- _Exercise input_:
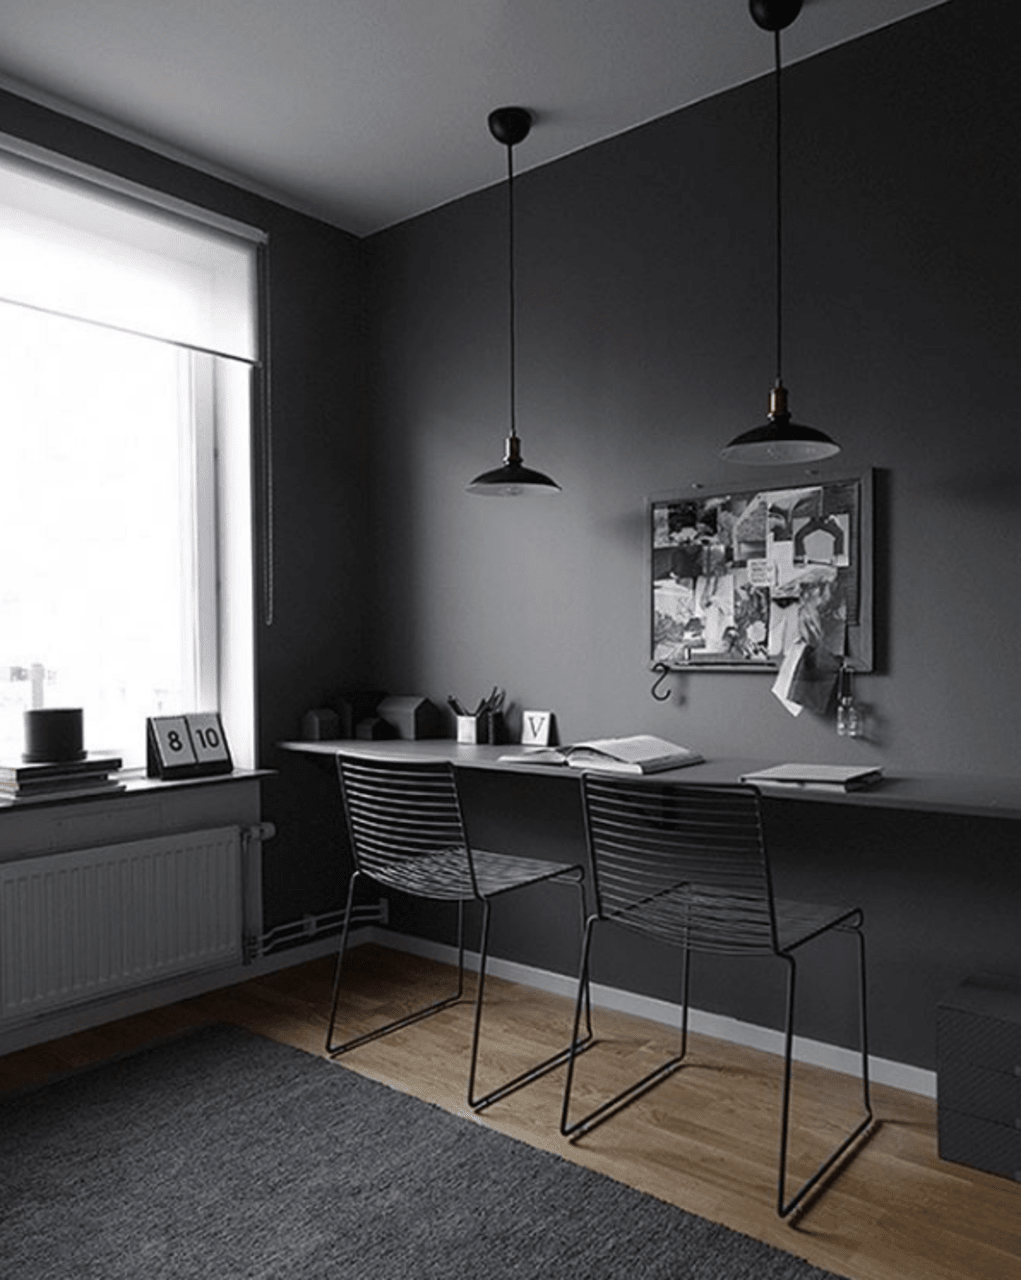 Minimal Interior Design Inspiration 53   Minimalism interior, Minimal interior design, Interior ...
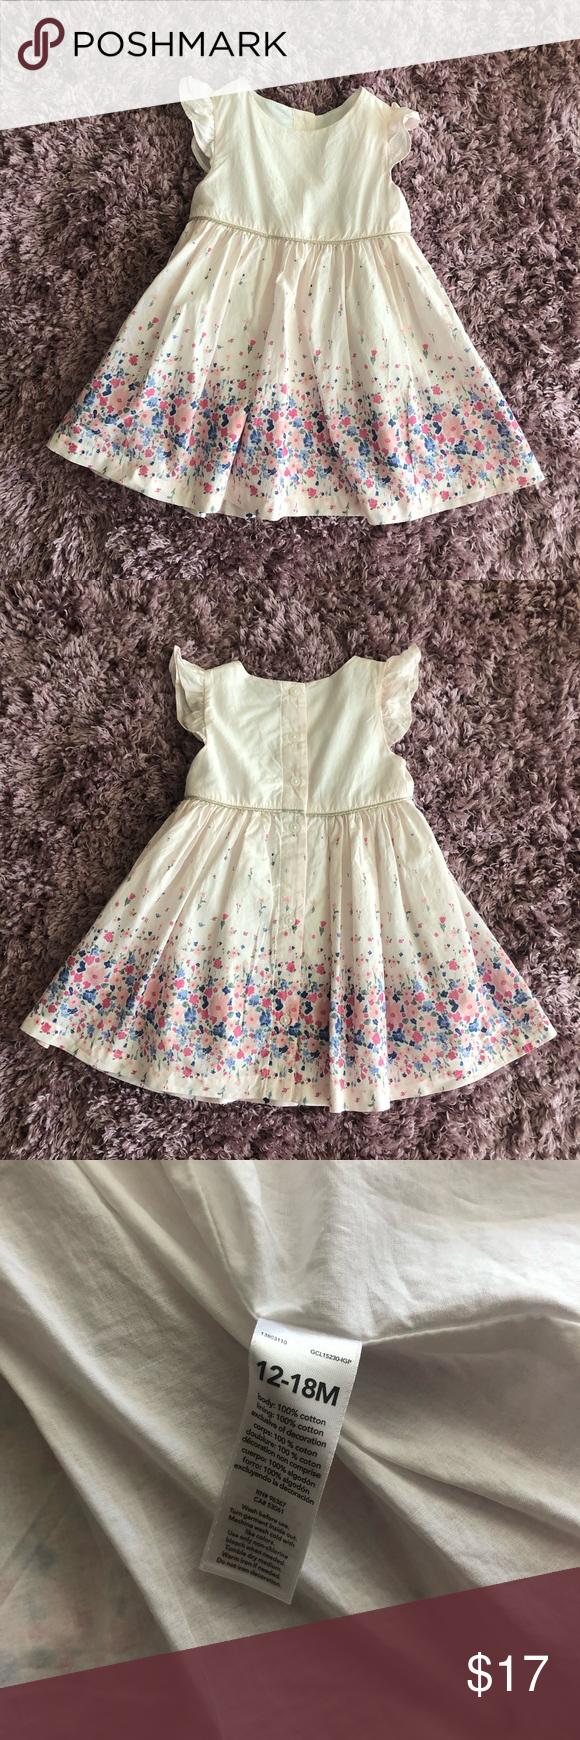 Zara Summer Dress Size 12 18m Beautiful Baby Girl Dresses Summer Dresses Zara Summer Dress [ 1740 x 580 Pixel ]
---
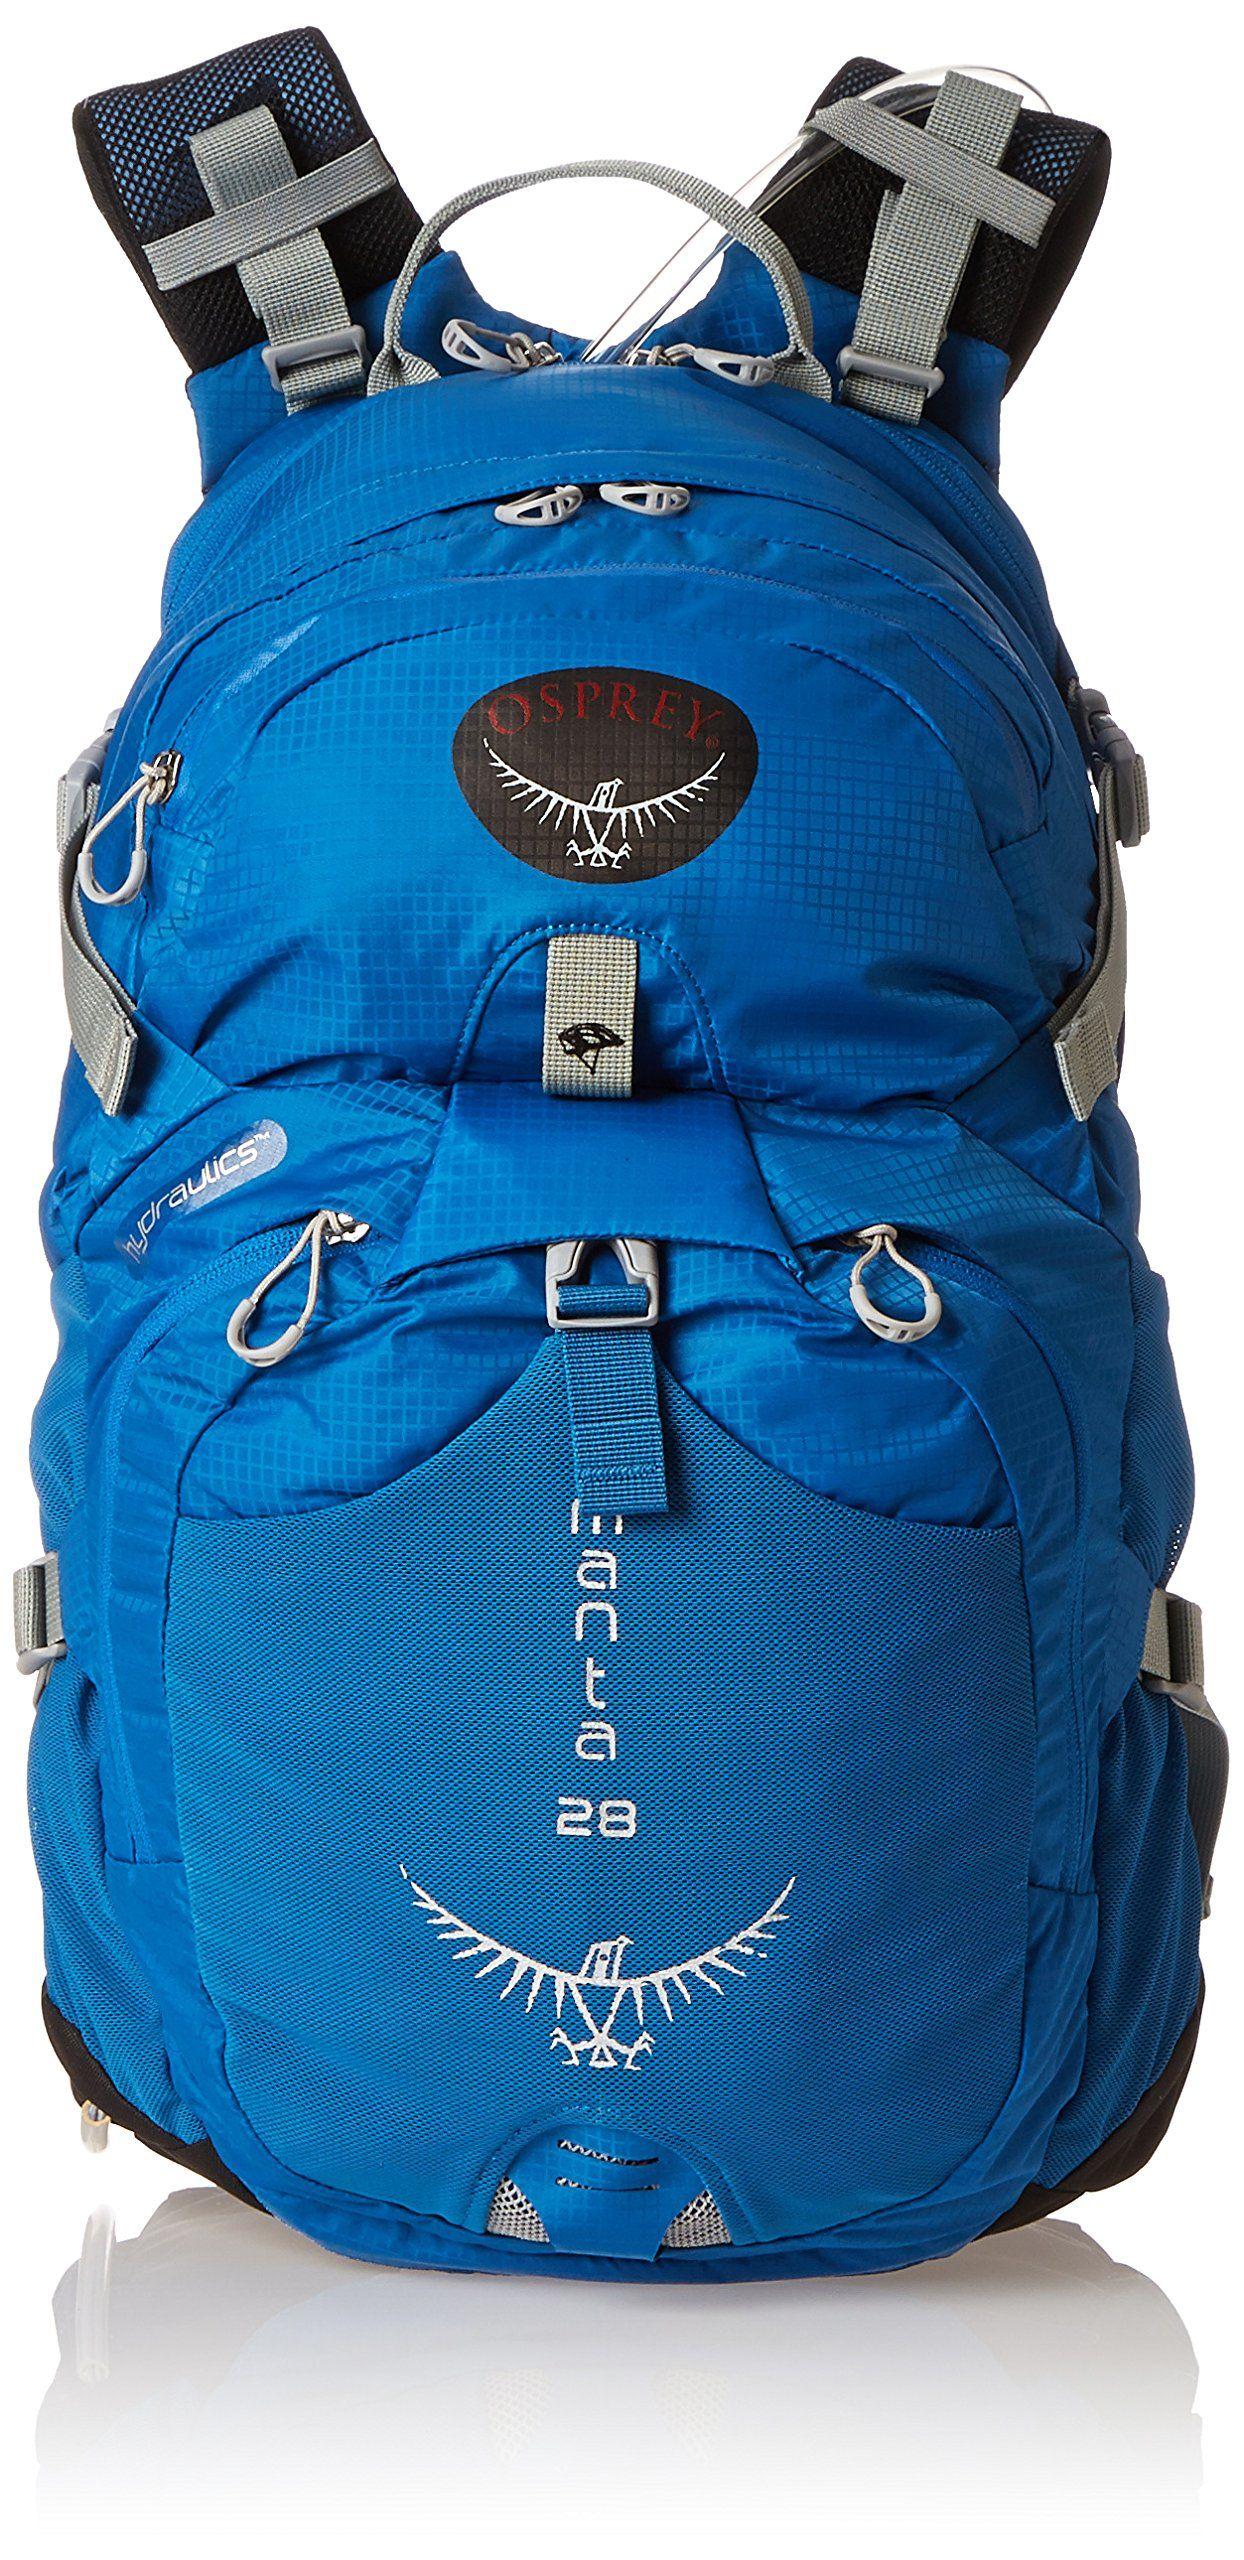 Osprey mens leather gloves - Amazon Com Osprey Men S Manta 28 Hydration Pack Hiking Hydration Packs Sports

- _Task_:
Excluding any pictures, print exactly the lines of the listing above from the line with "Minimal Interior Design Inspiration" to the line with "Zara Summer Dress Size", both ends included.

- _Exercise answer_:
 Minimal Interior Design Inspiration 53   Minimalism interior, Minimal interior design, Interior ...
 Zara Summer Dress Size 12 18m Beautiful Baby Girl Dresses Summer Dresses Zara Summer Dress [ 1740 x 580 Pixel ]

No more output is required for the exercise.